• [What is needed] Repeat the listing exactly, line by line, and leave the pictures behind.

• [Supplied data]
□ □ □ □

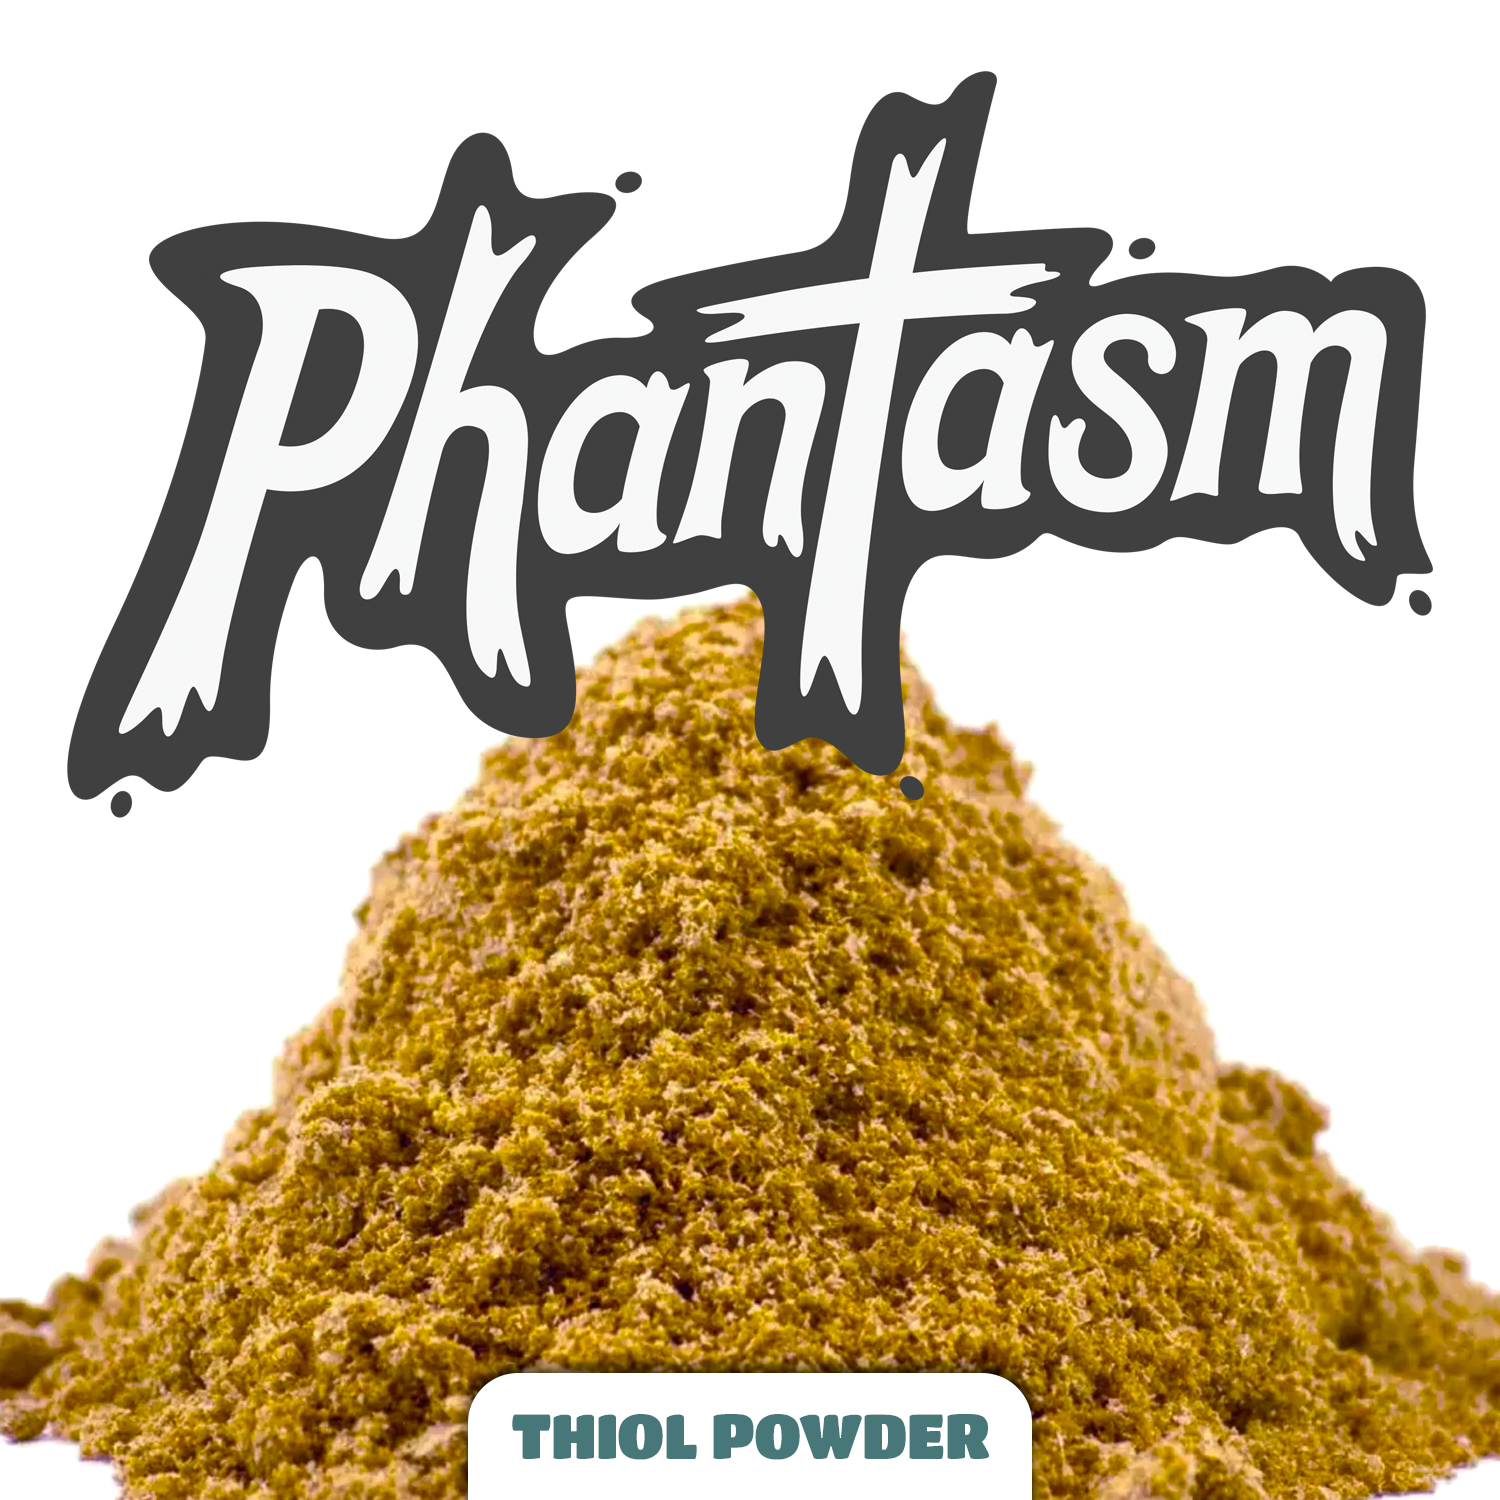 Phantasm Thiol Powder NZ MORE COMING!
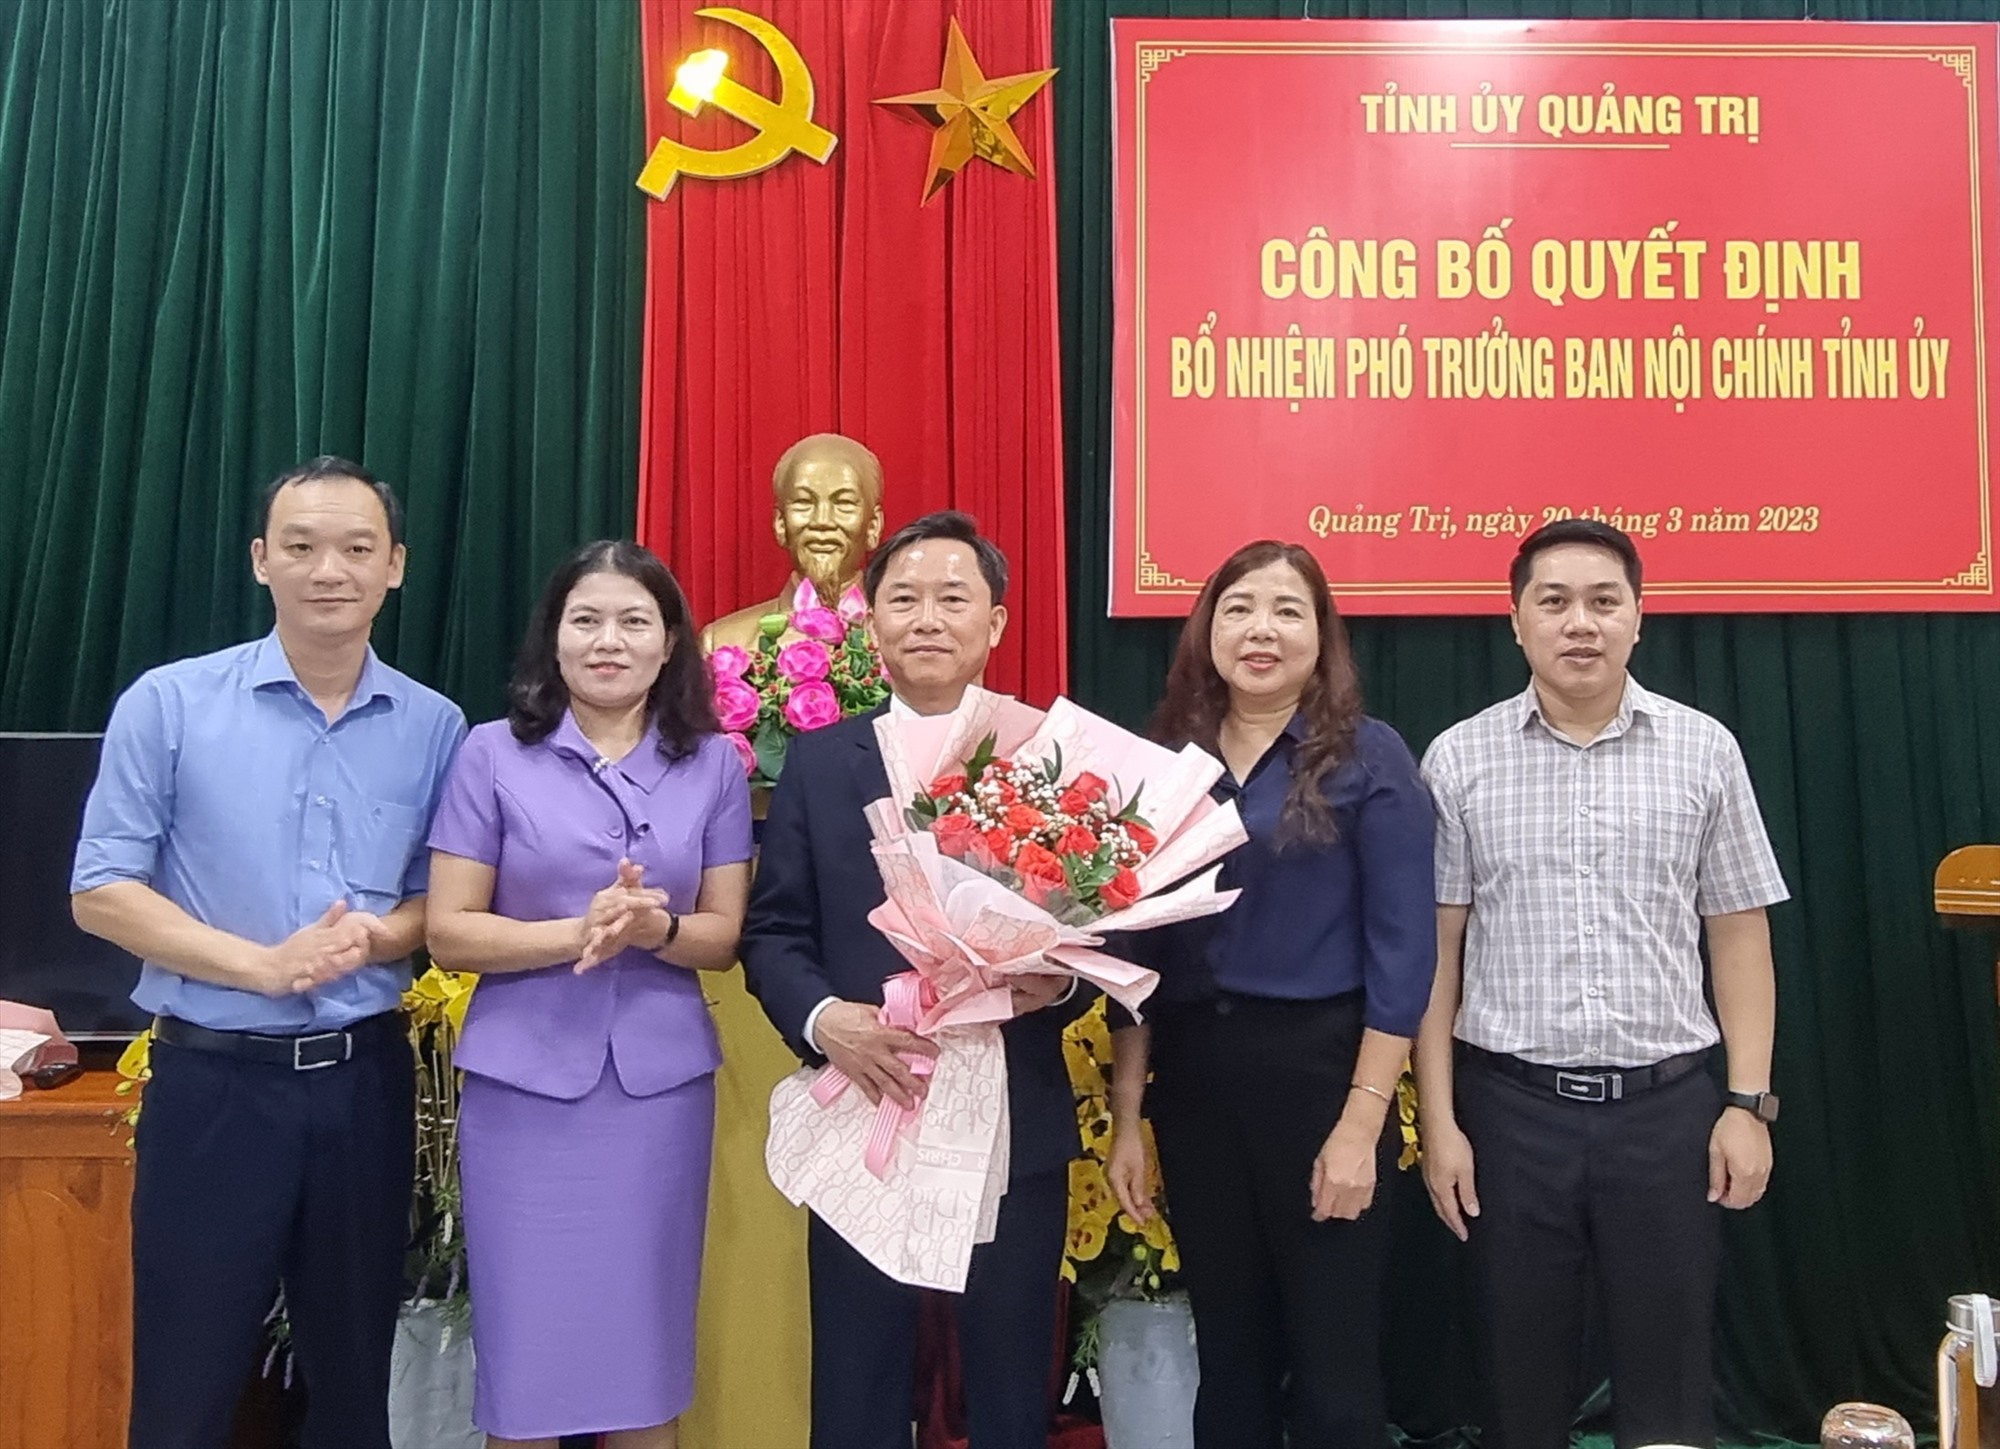 Trưởng Ban Nội chính Tỉnh ủy Ly Kiều Vân tặng hoa chúc mừng tân Phó Trưởng Ban Nội chính Tỉnh ủy Hồ Trung - Ảnh: K.S
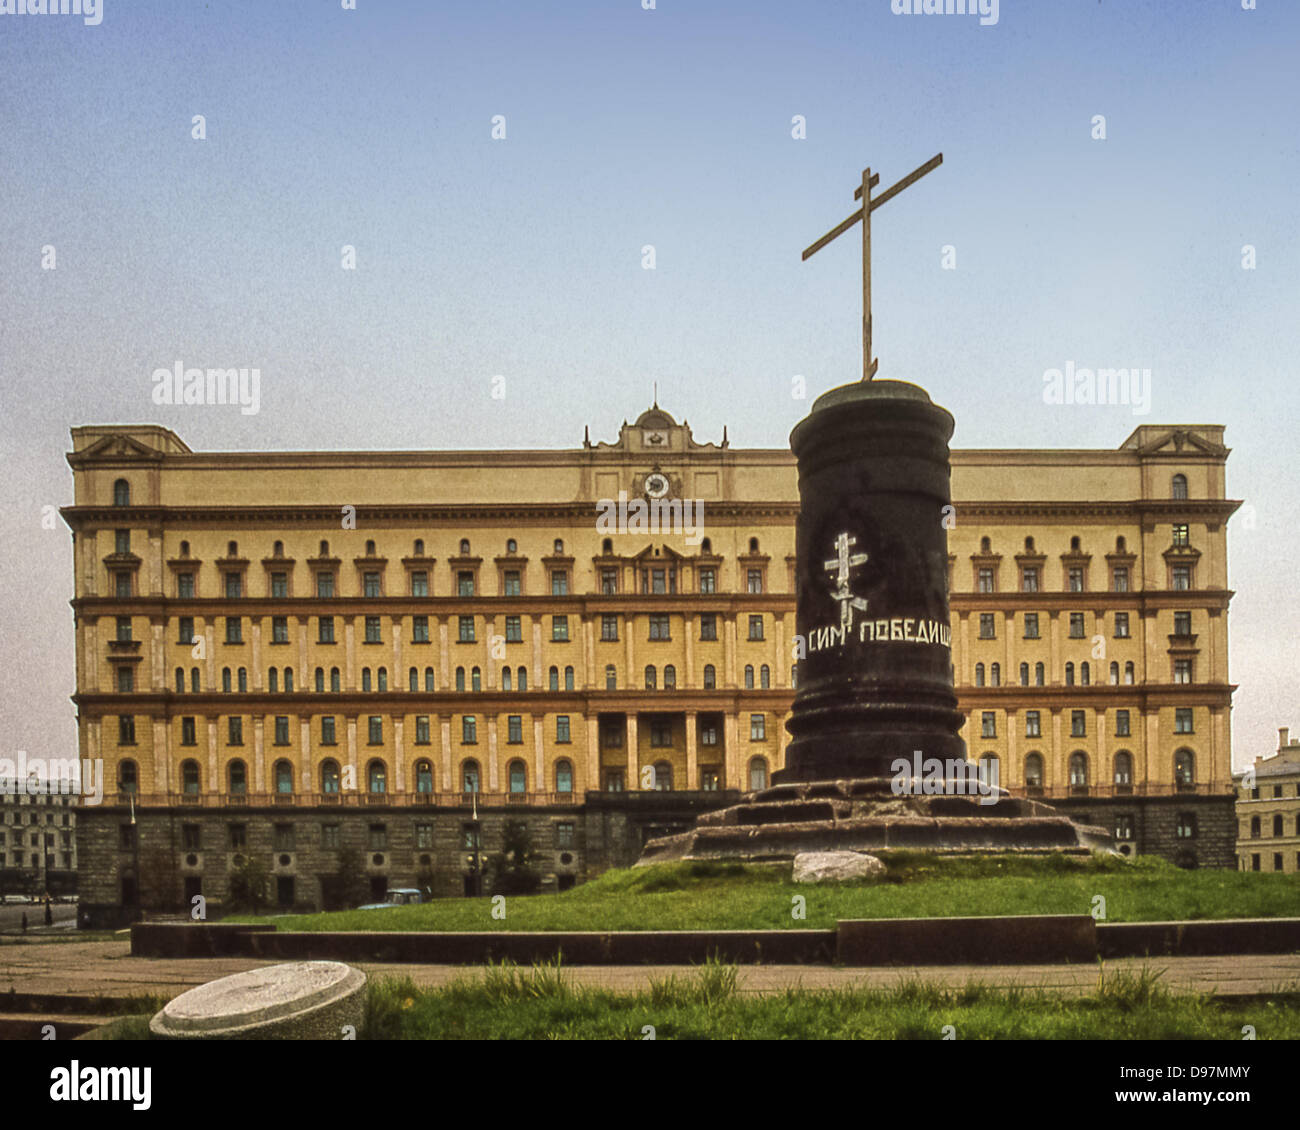 El 10 de octubre, 1992 - Moscú, RU - la antigua sede de la KGB (Comité para la Seguridad del Estado), en la Plaza Lubyanka en Moscú, fotografiado en octubre de 1992, tras la estatua de Felix Dzerzhinsky, primer jefe de la policía secreta soviética, un hito de Moscú durante los tiempos Soviéticos, había sido retirado de su base, tras el fracaso del golpe de estado de 1991 contra Gorbachov, y reemplazarlo con una cruz ortodoxa rusa. Después de la disolución de la URSS y de la KGB en 1991, el edificio se convirtió en la sede del Servicio Federal de Seguridad (FSB), sucesor de la KGB. (Crédito de la Imagen: © Arnold Drapkin/ZUMAPRESS.com) Foto de stock
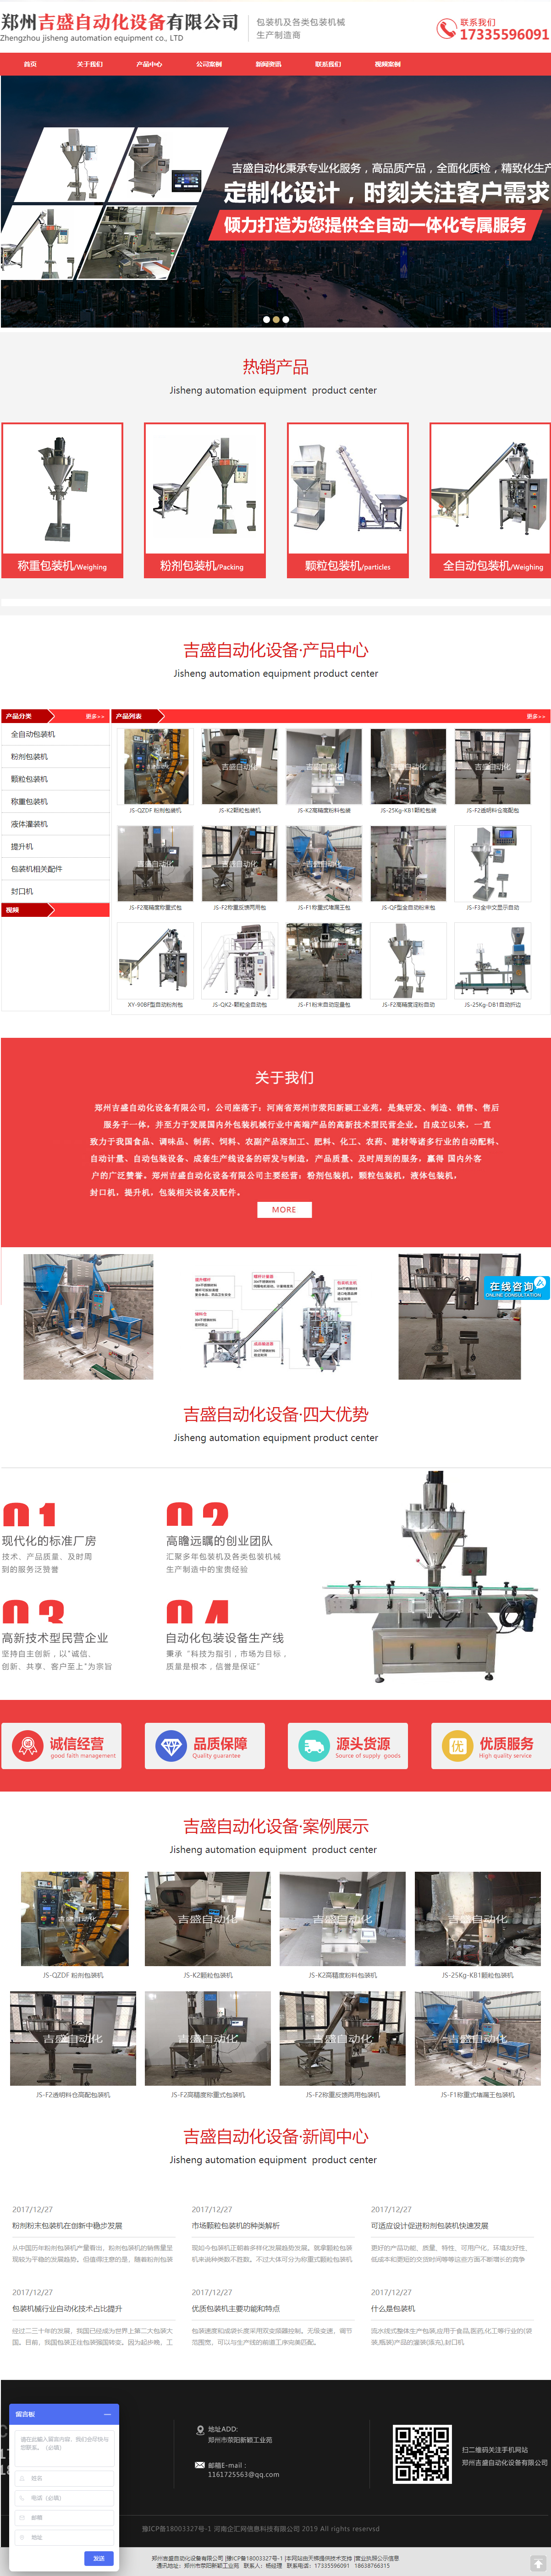 郑州吉盛自动化设备有限公司网站案例

□ □ □ □

• [Exercise output]
 Phantasm Thiol Powder NZ MORE COMING!
 Trưởng Ban Nội chính Tỉnh ủy Ly Kiều Vân tặng hoa chúc mừng tân Phó Trưởng Ban Nội chính Tỉnh ủy Hồ Trung - Ảnh: K.S
 El 10 de octubre, 1992 - Moscú, RU - la antigua sede de la KGB (Comité para la Seguridad del Estado), en la Plaza Lubyanka en Moscú, fotografiado en octubre de 1992, tras la estatua de Felix Dzerzhinsky, primer jefe de la policía secreta soviética, un hito de Moscú durante los tiempos Soviéticos, había sido retirado de su base, tras el fracaso del golpe de estado de 1991 contra Gorbachov, y reemplazarlo con una cruz ortodoxa rusa. Después de la disolución de la URSS y de la KGB en 1991, el edificio se convirtió en la sede del Servicio Federal de Seguridad (FSB), sucesor de la KGB. (Crédito de la Imagen: © Arnold Drapkin/ZUMAPRESS.com) Foto de stock
 郑州吉盛自动化设备有限公司网站案例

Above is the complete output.